Curated Optogenetic Publication Database

Abstract: Photoreceptor proteins regulate fundamental biological processes such as vision, photosynthesis and circadian rhythms1. A large photoreceptor subfamily uses vitamin B12 derivatives for light sensing2, contrasting with the well-established mode of action of these organometallic derivatives in thermally activated enzymatic reactions3. The exact molecular mechanism of B12 photoreception and how this differs from the thermal pathways remains unknown. Here we provide a detailed description of photoactivation in the prototypical B12 photoreceptor CarH4,5 from nanoseconds to seconds, combining time-resolved and temperature-resolved structural and spectroscopic methods with quantum chemical calculations. Building on the crystal structures of the initial tetrameric dark and final monomeric light-activated states5, our structural snapshots of key intermediates in the truncated B12-binding domain illustrate how photocleavage of a cobalt-carbon (Co-C) bond within the B12 chromophore adenosylcobalamin triggers a series of structural changes that propagate throughout CarH. Breakage of the photolabile Co-C5' bond leads to the formation of a previously unknown adduct that links the C4' position of the adenosyl moiety to the Co ion and can subsequently be cleaved thermally over longer timescales to allow release of the adenosyl group, ultimately causing tetramer dissociation4,5. This adduct, which differentiates CarH from thermally activated B12 enzymes, steers the photoactivation pathway and acts as the molecular bridge between photochemical and photobiological timescales. The biological relevance of our study is corroborated by kinetic data on full-length CarH in the presence of DNA. Our results offer a spatiotemporal understanding of CarH photoactivation and pave the way for designing B12-dependent photoreceptors for optogenetic applications.
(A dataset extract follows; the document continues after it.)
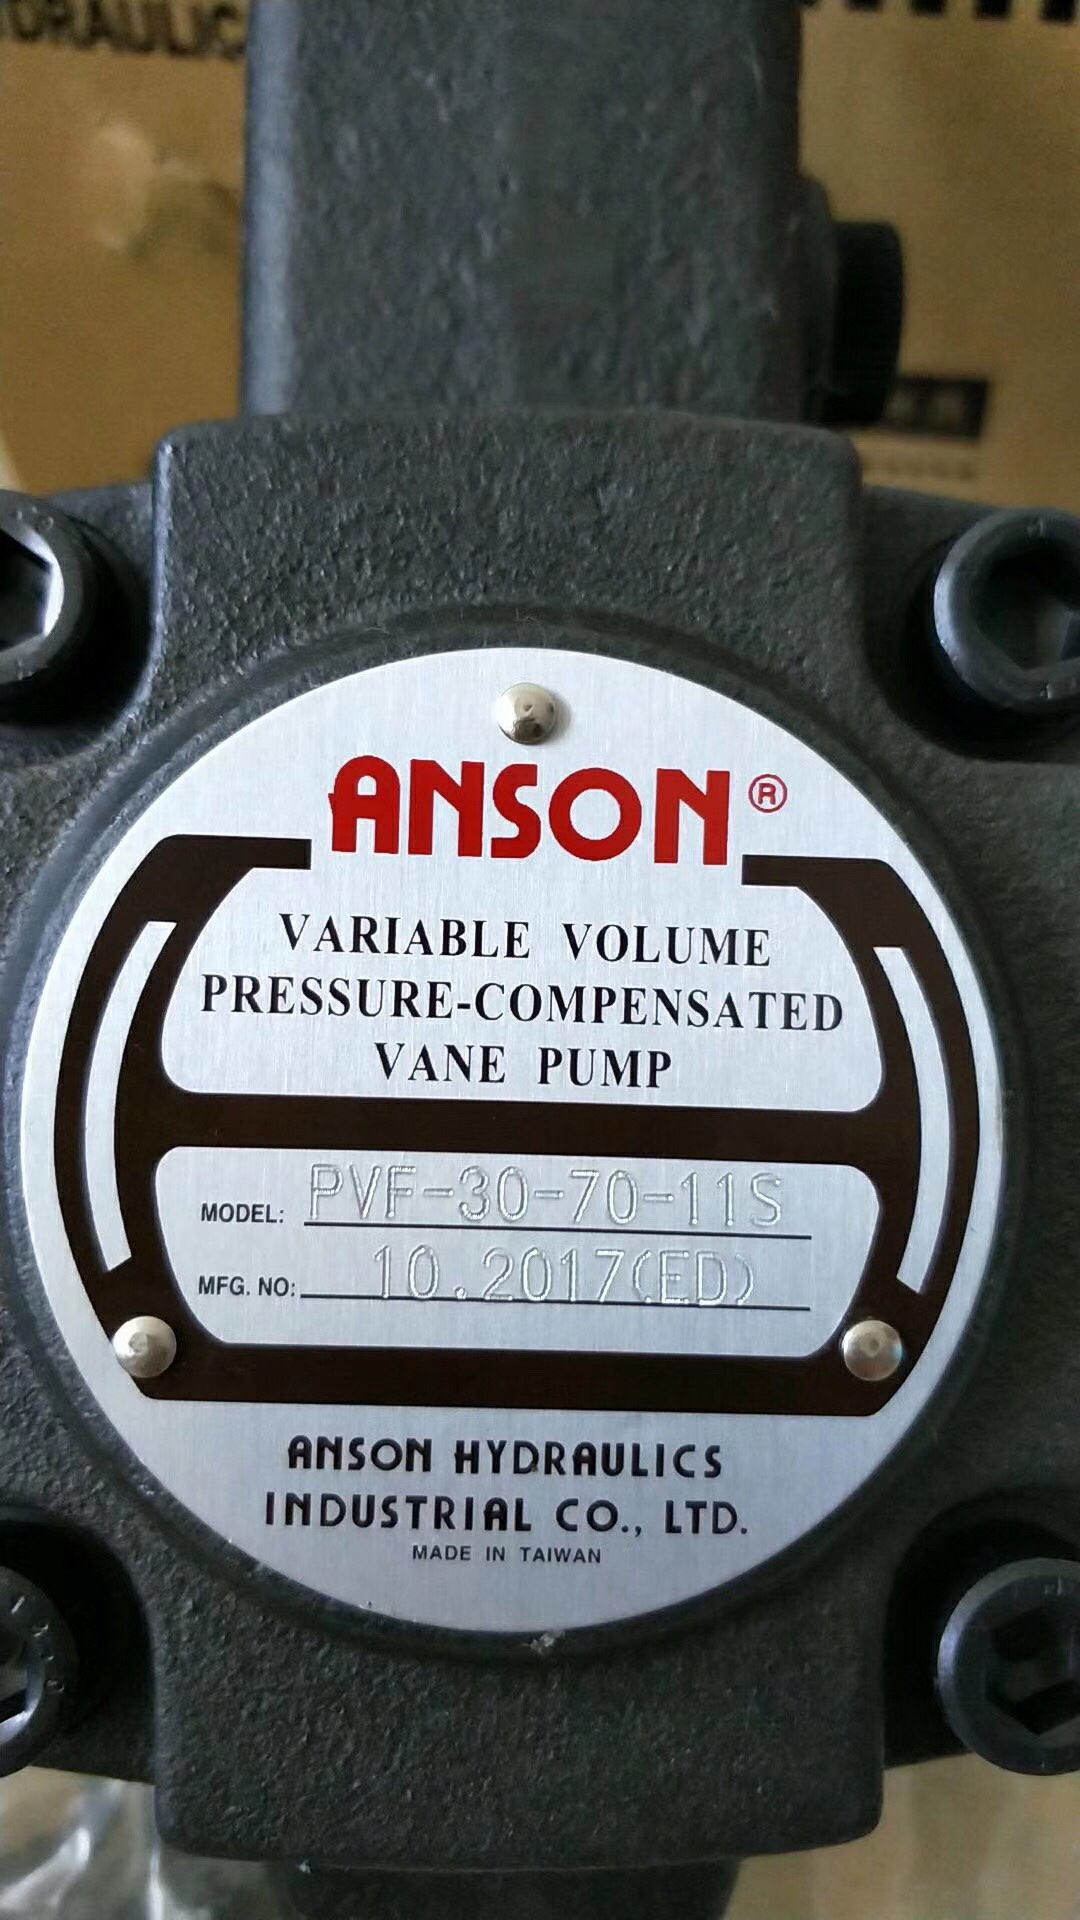 Bơm thủy lực ANSON PVF-30-70-11S
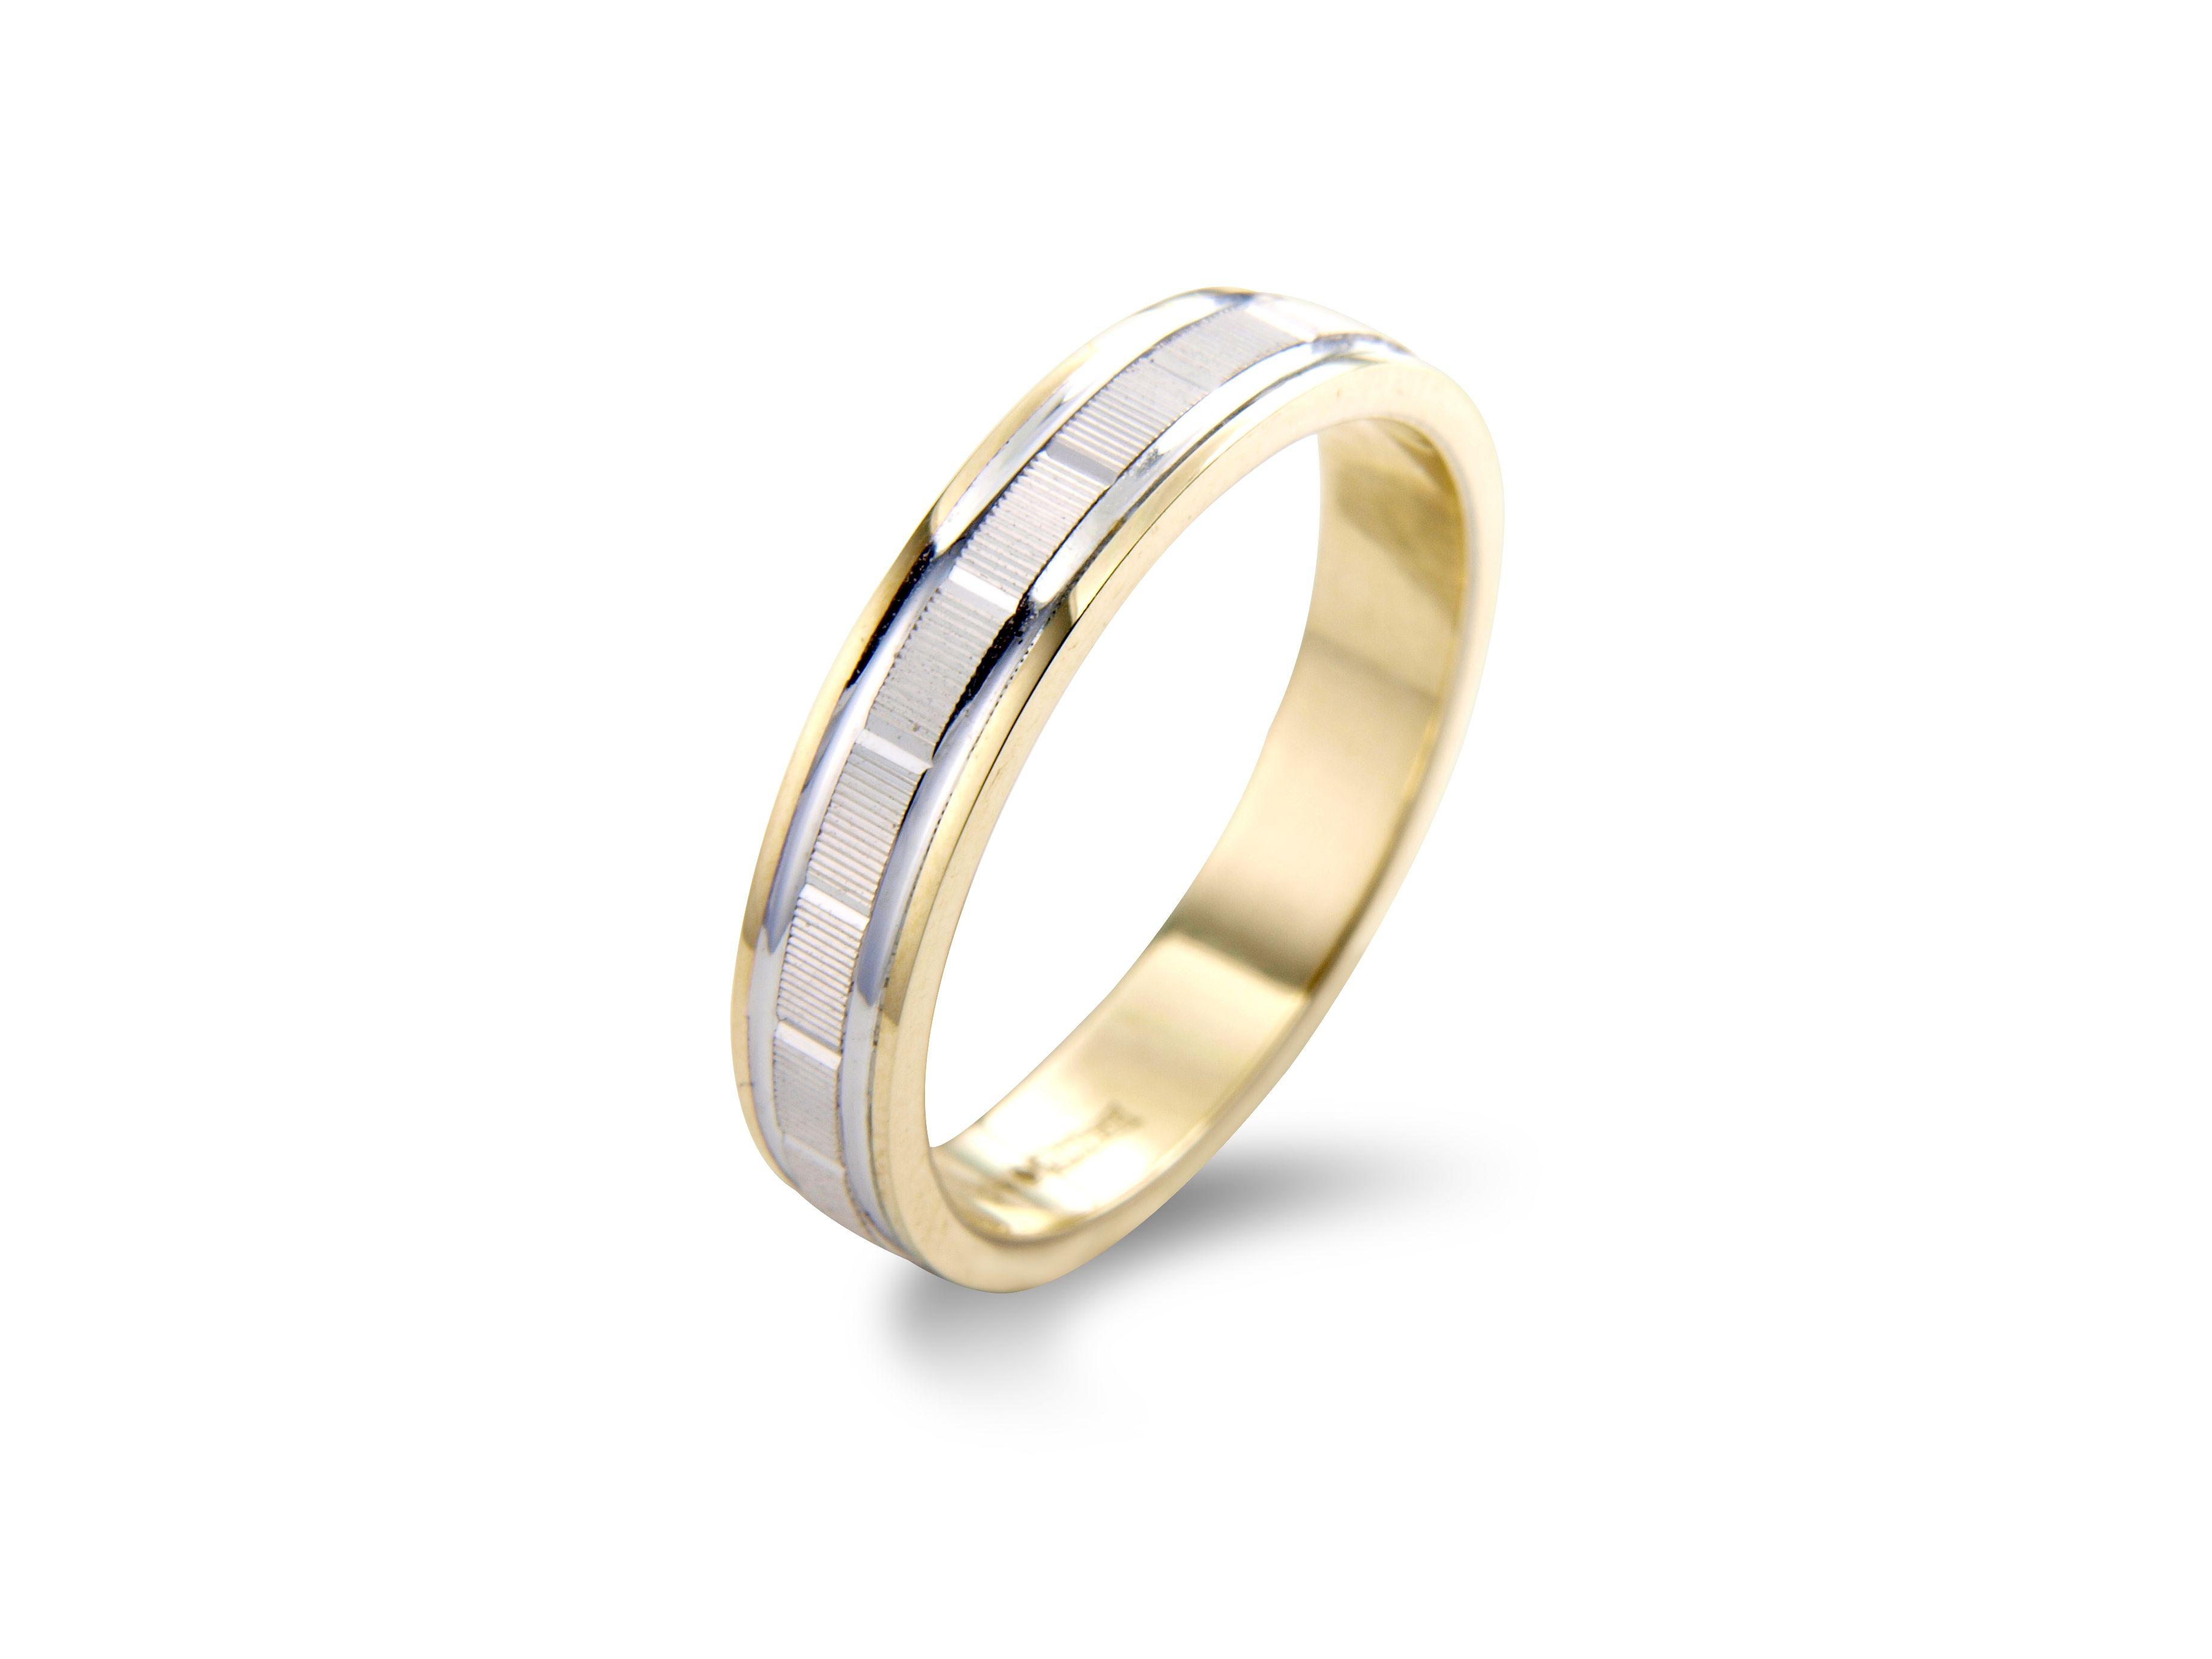 Bi Metal Wedding Ring Combining Yellow And White Gold Textured Pattern On

Abstract: miniSOG is the first flavin-binding protein that has been developed with the specific aim of serving as a genetically-encodable light-induced source of singlet oxygen (1O2). We have determined its 1.17 Å resolution structure, which has allowed us to investigate its mechanism of photosensitization using an integrated approach combining spectroscopic and structural methods. Our results provide a structural framework to explain the ability of miniSOG to produce 1O2 as a competition between oxygen- and protein quenching of its triplet state. In addition, a third excited-state decay pathway has been identified that is pivotal for the performance of miniSOG as 1O2 photosensitizer, namely the photo-induced transformation of flavin mononucleotide (FMN) into lumichrome, which increases the accessibility of oxygen to the flavin FMN chromophore and makes protein quenching less favourable. The combination of the two effects explains the increase in the 1O2 quantum yield by one order of magnitude upon exposure to blue light. Besides, we have identified several surface electron-rich residues that are progressively photo-oxidized, further contributing to facilitate the production of 1O2. Our results help reconcile the apparent poor level of 1O2 generation by miniSOG and its excellent performance in correlative light and electron microscopy experiments.

Abstract: Cell ablation is a strategy to study cell lineage and function during development. Optogenetic methods are an important cell-ablation approach, and we have previously developed a mini singlet oxygen generator (miniSOG) tool that works in the living Caenorhabditis elegans. Here, we use directed evolution to generate miniSOG2, an improved tool for cell ablation via photogenerated reactive oxygen species. We apply miniSOG2 to a far more complex model animal system, Drosophila melanogaster, and demonstrate that it can be used to kill a single neuron in a Drosophila larva. In addition, miniSOG2 is able to photoablate a small group of cells in one of the larval wing imaginal discs, resulting in an adult with one incomplete and one normal wing. We expect miniSOG2 to be a useful optogenetic tool for precision cell ablation at a desired developmental time point in live animals, thus opening a new window into cell origin, fate and function, tissue regeneration, and developmental biology.